Bottas was already having a horrible time after starting a disastrous eighth on the grid and having been given the hurry-up by his boss Toto Wolff. Now a Williams, of all cars, had a run on him on the drag to Tamburello – and of course, it had to be that driver. Russell pulled to the right, but the sudden rising revs from his Mercedes engine were the tell-tale his right rear had lost grip, and at nearly 190mph the left-front wheel of the Williams crashed into the side of the black Mercedes. Both drivers were fortunate to escape injury in the impacts that followed, before Russell jumped from his car, remonstrated with the still cockpit-bound Bottas and took a light swipe at his rival’s helmet. Not very clever, especially as this is the guy he’s likely to either be teamed with or replace next year.

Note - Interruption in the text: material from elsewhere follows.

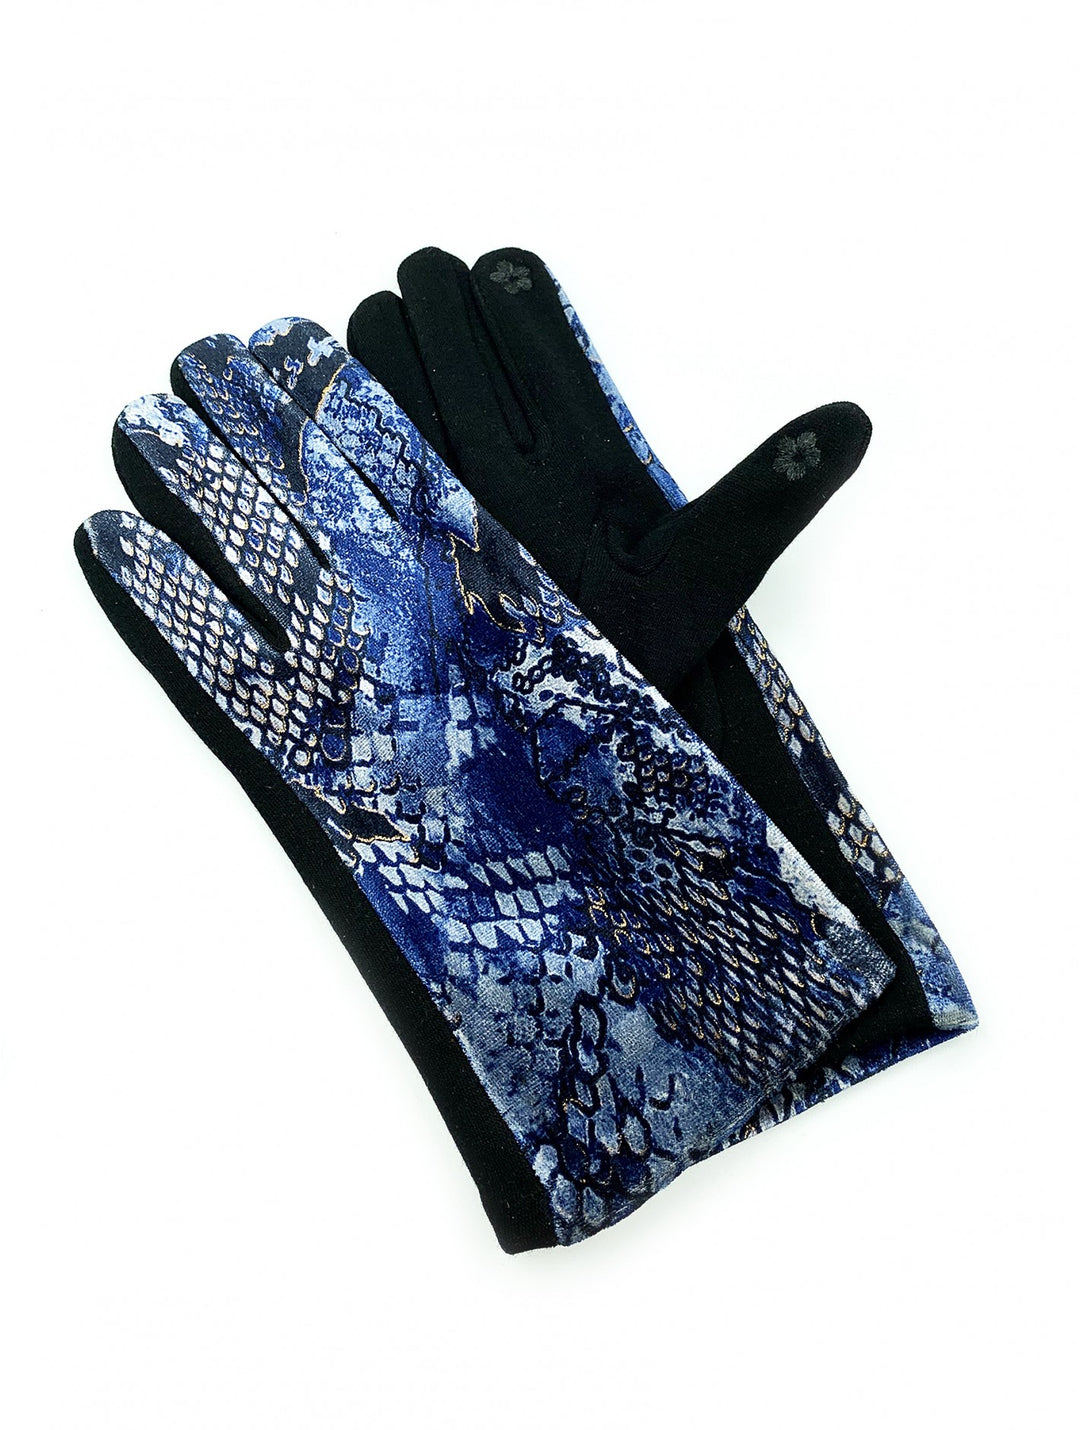 Cherie Bliss Gloves GL1114

Afterwards, Russell made it worse by suggesting Bottas defended harder than he might have done, because it was George chasing him down. No surprise the Finn scoffed at that one as a madcap conspiracy – and Toto Wolff made it all too clear he was deeply unimpressed with his young protégé’s behaviour. Russell will likely have some work to put in over the coming weeks to avoid this unseemly drama turning into an overblown crisis.
As for the collision, the stewards judged it a racing accident – which was probably fair. Both drivers played their part, as did the narrow funnelling of Tamburello’s approach at a dated and demanding circuit that all weekend highlighted drivers’ weaknesses all too starkly.